It is widely accepted that for robust economic growth India needs to stay the course in reducing fiscal imbalances and inflation.
It appears that we do not have a similar degree of consensus about the extent of India's external-sector vulnerabilities. For instance, in the wake of Indian equity market gains and a mood of buoyancy, there may be a sense that the rupee's sharp downward correction and volatility last year is well behind us.
Further, recent media reports indicated that India's foreign exchange (forex) reserves have now reached record high - and, by extrapolation, comfortable - levels. But a review of critical elements in India's balance of payments suggests that we cannot afford an overvalued rupee, and need to aggressively build up forex reserves at every available opportunity.
India's external sector is often discussed with the same embarrassed obfuscation as is a family member who is slow on the uptake. India's trade and current-account deficits are still high, short-term external debt continues to rise and there is unhealthy dependence on non-resident Indian (NRI) remittances and foreign institutional investors' (or FIIs') portfolio investments.
It follows that, in the near term, India does not have room for further opening up of its capital account. Taking this as a given, there is need for greater clarity of purpose about how India manages the external value of the rupee.
In the six years from April 2008 to April 2014, forex reserves decreased by 1.7 per cent, while India's negative trade balance rose by 61 per cent. Over the same period, net FII investments, foreign direct investment (FDI) and NRI remittances went up and down sharply, based on changing investor perceptions driven by developments in India and elsewhere.
India's short-term (defined as residual maturity of one year) hard-currency debt was uncomfortably high at 57.4 per cent of forex reserves, as of end-March 2014, according to Reserve Bank of India (RBI) estimates.

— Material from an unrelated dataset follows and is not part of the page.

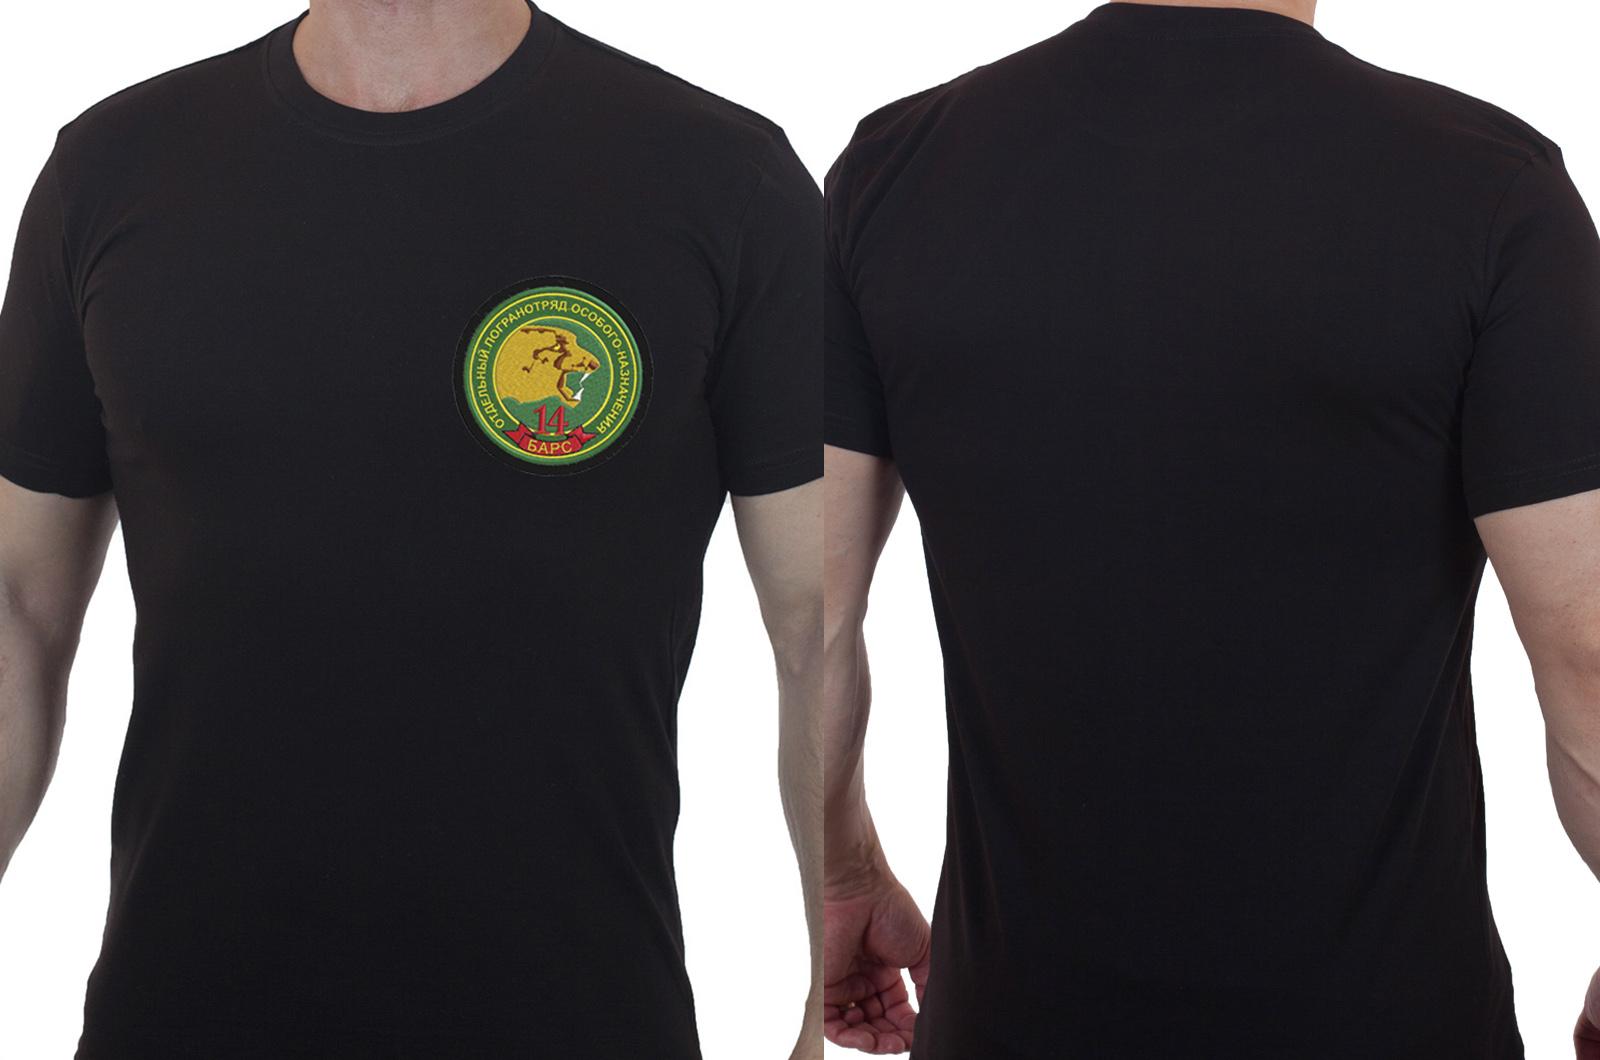 Хлопковая мужская футболка с вышивкой ПогООН БАРС 14 - купить в подарок
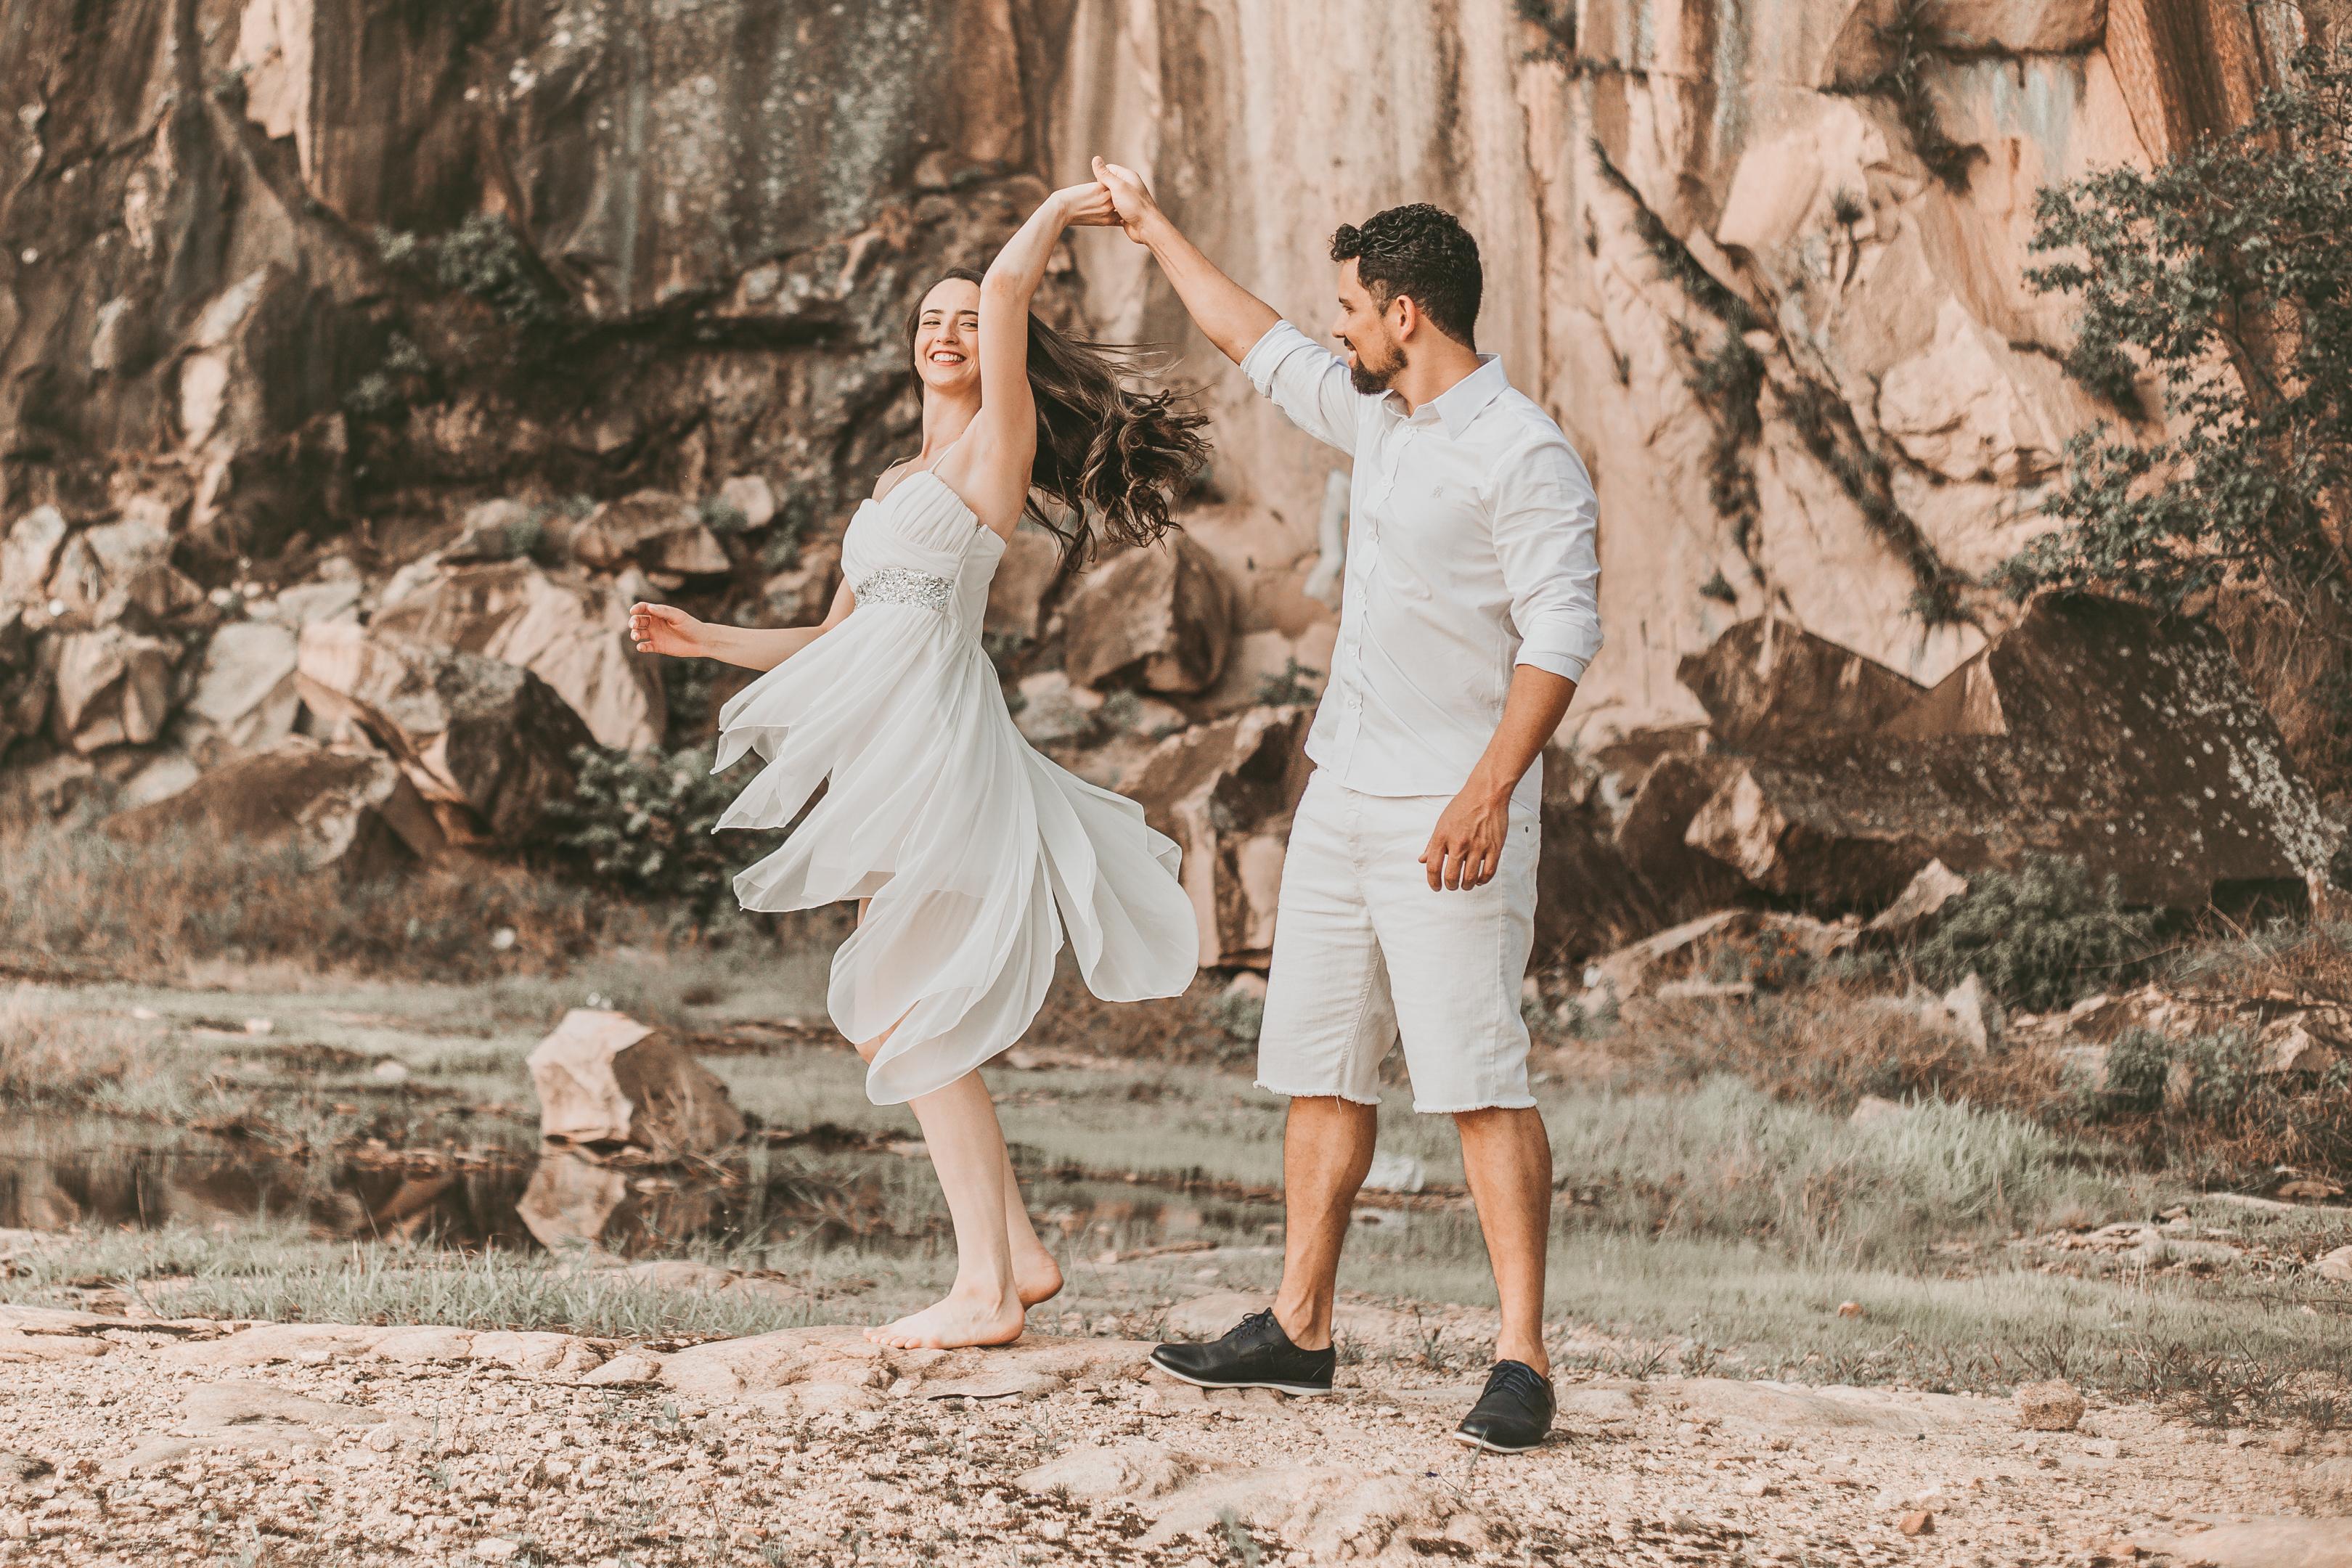 Contate Marcelo Leibovitz -  Fotógrafo Criativo de Casamentos e Debutantes

On the same date, NRI deposits amounted to $103 billion and external commercial borrowings to $143 billion, constituting 24 per cent and 33.3 per cent of total external debt respectively. The significant improvement in the current-account deficit in 2013-14 can be mostly attributed to a contraction in gold imports due to higher import duties and also softening of gold prices.
It can be legitimately argued that there is little that can be done directly by policymakers to raise forex reserves. Changes in forex reserves are a residual after current-account deficits are funded by net forex inflows.
Clearly, there are no short-term solutions to endemic trade deficits, since competitiveness cannot be achieved by flicking a switch. We come back to the same wide-ranging set of problem issues that need to be addressed, such as inadequate infrastructure, and tax and labour reforms.
Using Indian and United States Consumer Price Index numbers and 2004 as the base year, the rupee is at present overvalued in real terms by about 35 per cent against the dollar. Again, since 2004, according to the RBI's Annual Report for 2013-14, the rupee's six-currency real effective exchange rate (REER) is overvalued by 16.2 per cent - and even the 36-currency REER is overvalued by six per cent.
The inevitable conclusion is that the RBI's dollar purchases need to be much larger to address rupee overvaluation. And that the RBI should not be panicked into selling dollars to provide hard-currency liquidity for oil or other much-needed imports. At times of "excess" demand for dollars, the rupee should be allowed to drift lower to market-equilibrium levels.
Brent crude oil prices are currently lower at around $99 a barrel, and this could help ease inflationary pressures. Now is an opportune time to correct the rupee downward to levels consistent with little or no REER overvaluation.
It can be anticipated that there would be considerable pushback from interested domestic and FII quarters. One seemingly plausible argument could be that the rupee cannot be allowed to depreciate as the oil import bill and associated subsidies would go up in rupee terms and make the fiscal deficit look worse.
This is specious logic, since India's oil imports are paid for in hard currency and accounting for imports in rupees does not make this bill materially higher.
It has to be acknowledged, though, that it is difficult to keep the rupee exchange rate competitive, hold inflation down - plus deal with the uncertainty on net capital inflows. There are multiple uncertainties, and keeping the ship of India's balance of payments on an even keel is quite a balancing act.
Irrespective of the imponderables, the benchmark rupee exchange rate, to assess performance, has to be a target that reflects inflation differentials between India and developed countries in whose currencies international trade is invoiced.
To summarise, India could have managed the rupee REER much better. We should not have an episodic - at times active, and on other occasions less engaged - approach to managing the exchange rate.
It is high time to manoeuvre the rupee more effectively and predictably, even as it has to be recognised that such tweaking of the rupee needs to be accompanied by reforms to the real sector and factor markets.
The writer, a finance professional and former Indian High Commissioner to the United Kingdom, is currently RBI Chair professor at ICRIER.